Less natural are old-time Florida seafood joints that have begun to feature the raw goods, next to fried clam bellies and grouper fingers and Italian ristorantes that offer both tiramisu and tekka rolls. And seemingly most ludicrous of all, the combination of sushi and French cuisine -- surely a combination only an Iron Chef could love. On the surface, at least, nothing about escargot and steak au poivre suggests that eel rolls and sashimi would work with them. The countries in question aren't even connected by a continent.

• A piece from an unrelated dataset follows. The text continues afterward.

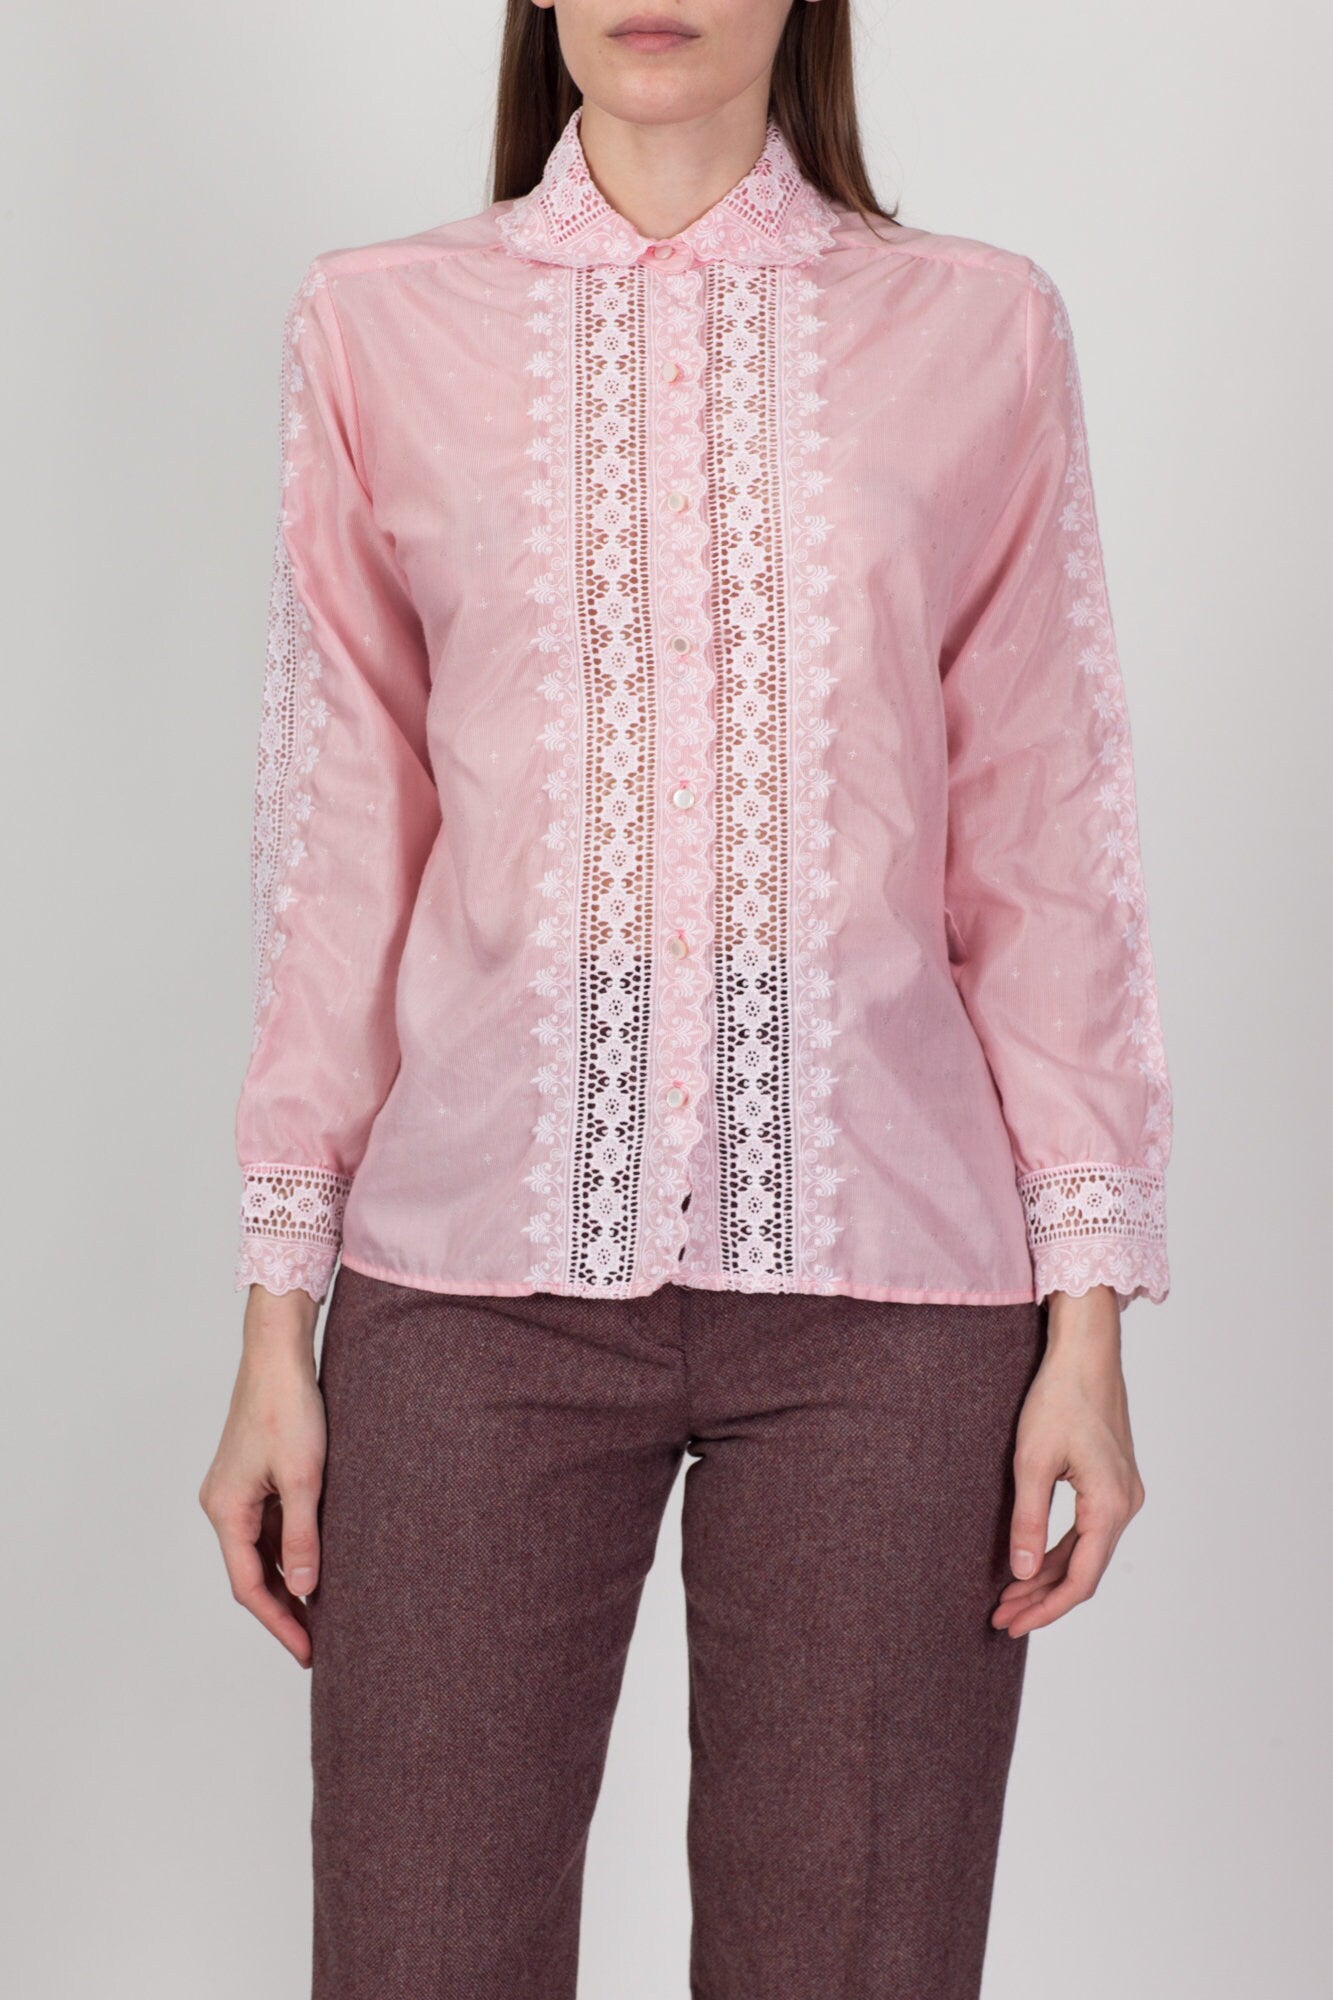 70s Pink & White Sheer Lace Blouse - Medium

However, in the case of the Leurre, a six-month-old café on 17th Street in Fort Lauderdale, things are not as they might seem. For instance the Leurre was not originally a French restaurant that added sushi to take advantage of a trend and broaden its clientele. The small eatery, decorated with typical Asian parity but also updated with brightly painted walls and drop spotlights, was actually Sagami, a Japanese restaurant and sushi bar, until 1998, and Sushi on 17th until about five months ago. The Japanese menu is gone but the sushi bar remains, as do sushi chef-proprietor, "Eric-San" Mawby, and the restaurant's long-time, on-a-first-name-basis devotees.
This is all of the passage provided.